Казаки без слова двинулись, тактично огибая травный послед провалившегося атамана, — домой. Им недалеко тоже уже, вот только за край ковыля и полыни...

Несколько станичников запели — бережно, слабо сперва, — но скоро все казаки, переняв напев, ясно гремели. Дрофы торопливо захромали в обе стороны, подальше от дурного извержения дороги, но покладистые байбаки и суслики только твёрже держали равнение на бунчуки и слушали заворожённо...

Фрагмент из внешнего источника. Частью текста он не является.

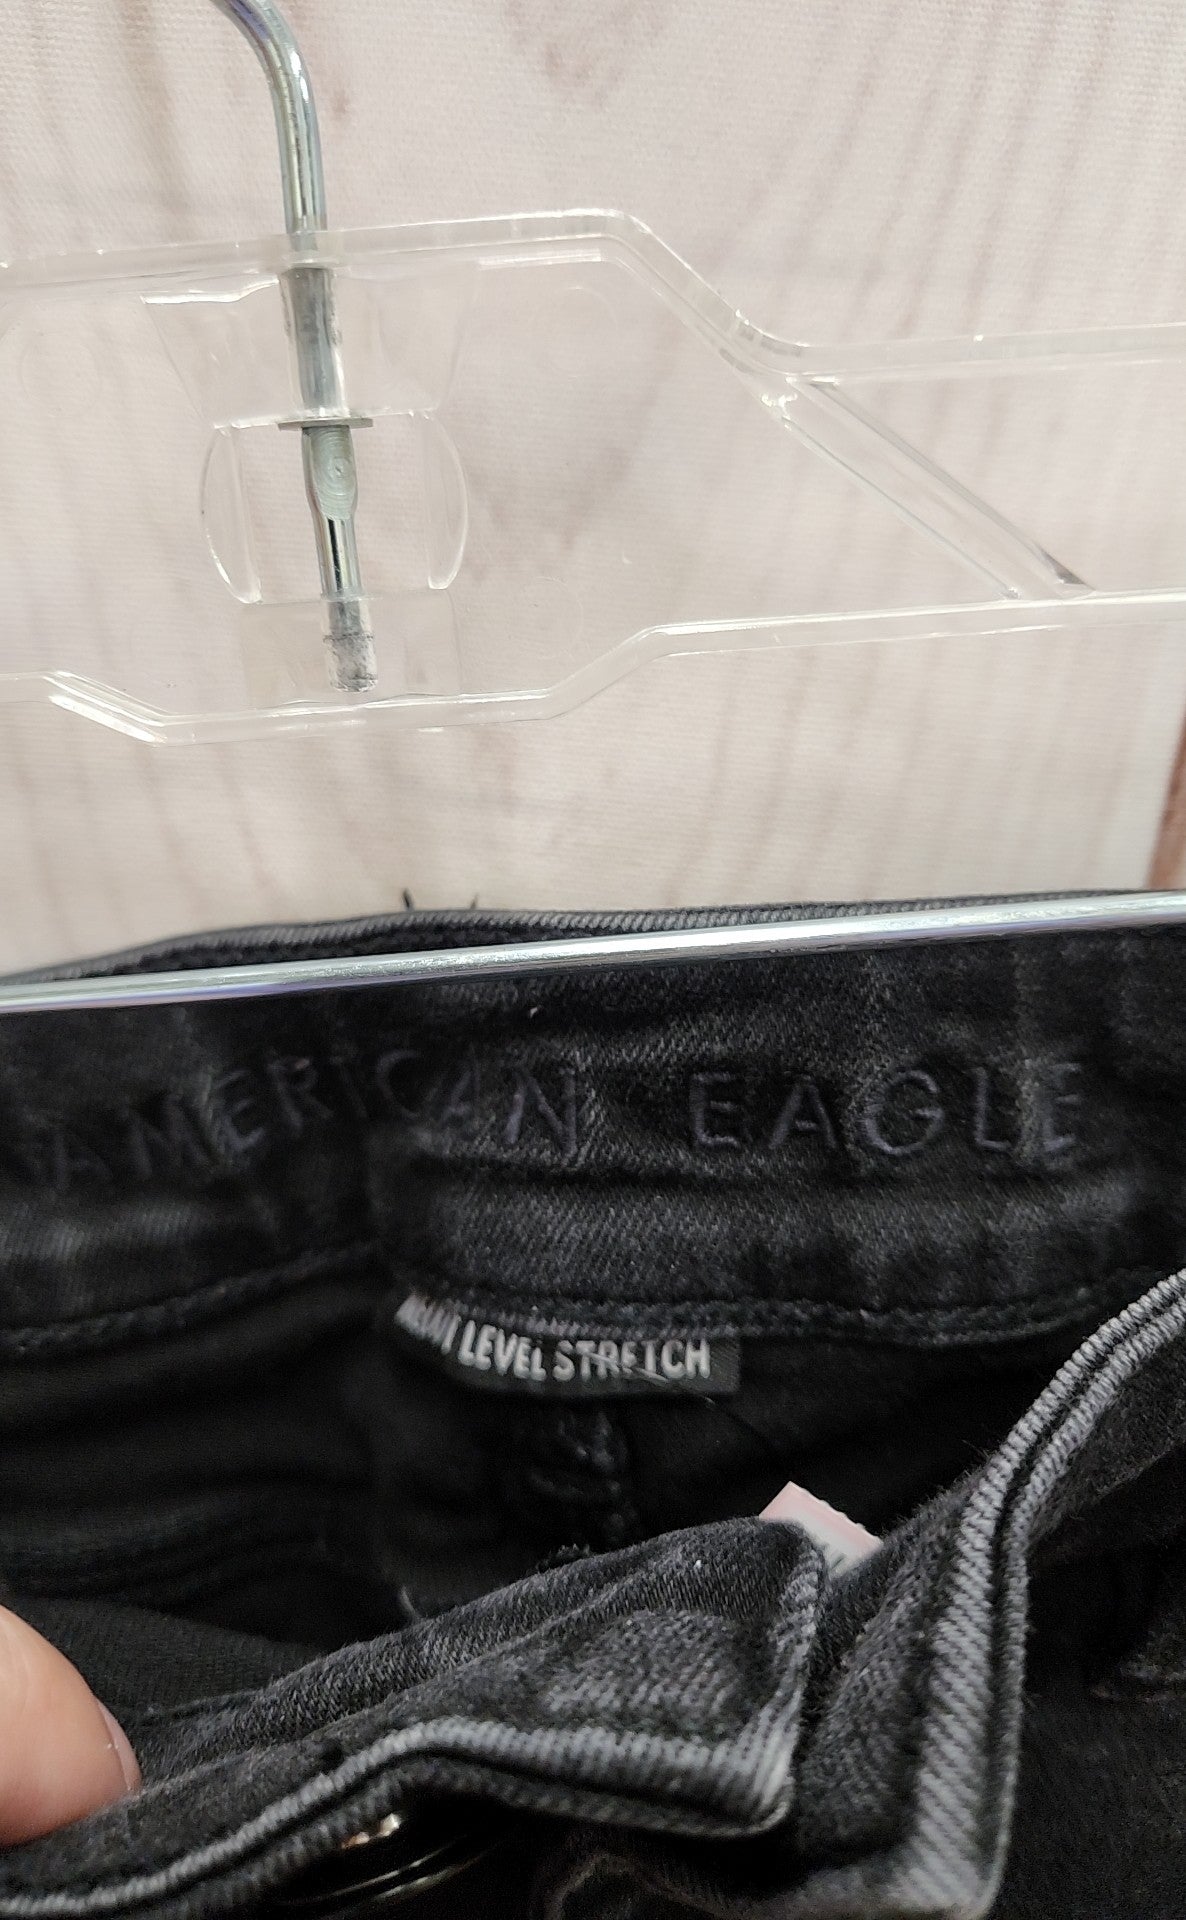 American Eagle Women's Size 29 (7-8) Black Jeans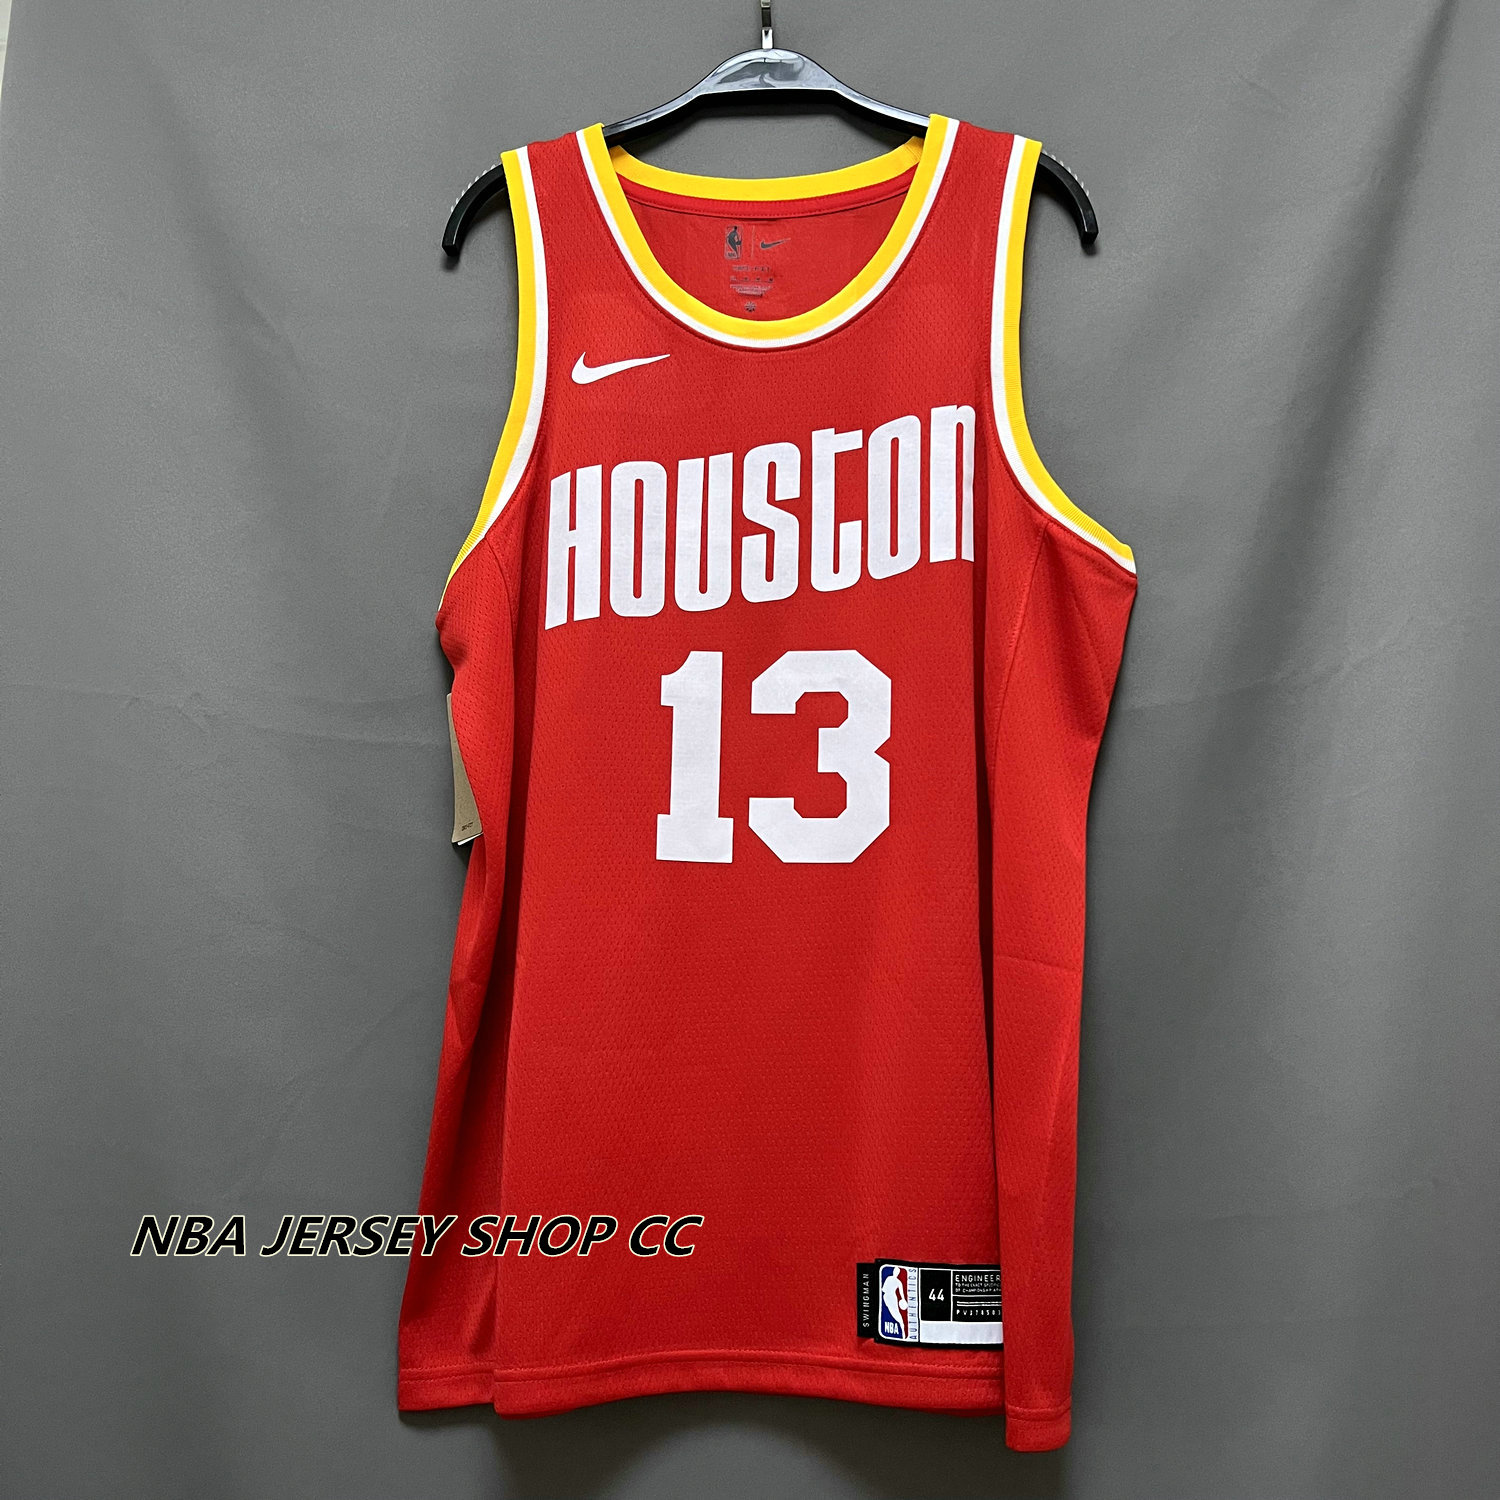 Adidas NBA Baby's Houston Rockets James Harden #13 Jersey Romper

Корела узнал об отъезде своих и застал их в подворьях столицы случайно. Он выезжал в Переяславль верстать посошные войска, но под тугие выдохи подьячих мгновенно поверстал всех, чем мог, невзирая на худое снаряжение тамошних служильцев, веря всем отговоркам. (Только троих помещиков, у которых увидал на копьях ржавь, хоть и справно пригнавших причитавшихся с них битюгов и холопов, выбил из благородного сословия совсем, а сёла их передал новикам). Так что быстро Корела управился и возвращался в Москву, готовый вновь к уйме державственных дел, много раньше, чем ожидал его Дмитрий.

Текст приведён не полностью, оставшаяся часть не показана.